> **Exercise instructions**: The lines from the start of the records through the one containing "Porsche Shows Off Exclusive 718 Spyder" are to be transcribed exactly, and nothing else.

> **Material for this task**:

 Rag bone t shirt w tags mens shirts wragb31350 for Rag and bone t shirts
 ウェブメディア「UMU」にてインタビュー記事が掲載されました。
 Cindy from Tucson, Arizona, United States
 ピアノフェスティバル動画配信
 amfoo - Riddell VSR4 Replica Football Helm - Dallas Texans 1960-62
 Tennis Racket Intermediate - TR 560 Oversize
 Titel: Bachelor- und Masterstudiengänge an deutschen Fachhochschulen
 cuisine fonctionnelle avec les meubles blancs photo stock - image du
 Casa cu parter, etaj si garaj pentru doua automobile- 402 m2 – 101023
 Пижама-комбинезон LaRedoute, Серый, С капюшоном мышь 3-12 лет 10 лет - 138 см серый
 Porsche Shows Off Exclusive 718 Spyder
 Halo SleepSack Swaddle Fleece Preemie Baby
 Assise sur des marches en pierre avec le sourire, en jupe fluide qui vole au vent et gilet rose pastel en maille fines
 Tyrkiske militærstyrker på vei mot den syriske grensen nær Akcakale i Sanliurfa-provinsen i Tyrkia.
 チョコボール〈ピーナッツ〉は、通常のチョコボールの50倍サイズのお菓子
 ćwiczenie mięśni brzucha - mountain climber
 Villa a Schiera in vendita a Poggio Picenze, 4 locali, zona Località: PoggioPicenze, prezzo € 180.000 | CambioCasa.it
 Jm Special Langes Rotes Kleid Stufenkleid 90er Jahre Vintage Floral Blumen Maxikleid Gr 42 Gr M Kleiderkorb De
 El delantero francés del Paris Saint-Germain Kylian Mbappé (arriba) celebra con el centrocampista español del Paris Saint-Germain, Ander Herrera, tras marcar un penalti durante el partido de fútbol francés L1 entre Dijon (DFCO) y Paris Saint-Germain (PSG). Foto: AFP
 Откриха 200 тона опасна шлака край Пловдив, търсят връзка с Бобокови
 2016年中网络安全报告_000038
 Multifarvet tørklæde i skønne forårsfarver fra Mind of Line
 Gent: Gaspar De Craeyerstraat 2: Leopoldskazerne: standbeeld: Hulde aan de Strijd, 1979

> **Result of the exercise**:
 Rag bone t shirt w tags mens shirts wragb31350 for Rag and bone t shirts
 ウェブメディア「UMU」にてインタビュー記事が掲載されました。
 Cindy from Tucson, Arizona, United States
 ピアノフェスティバル動画配信
 amfoo - Riddell VSR4 Replica Football Helm - Dallas Texans 1960-62
 Tennis Racket Intermediate - TR 560 Oversize
 Titel: Bachelor- und Masterstudiengänge an deutschen Fachhochschulen
 cuisine fonctionnelle avec les meubles blancs photo stock - image du
 Casa cu parter, etaj si garaj pentru doua automobile- 402 m2 – 101023
 Пижама-комбинезон LaRedoute, Серый, С капюшоном мышь 3-12 лет 10 лет - 138 см серый
 Porsche Shows Off Exclusive 718 Spyder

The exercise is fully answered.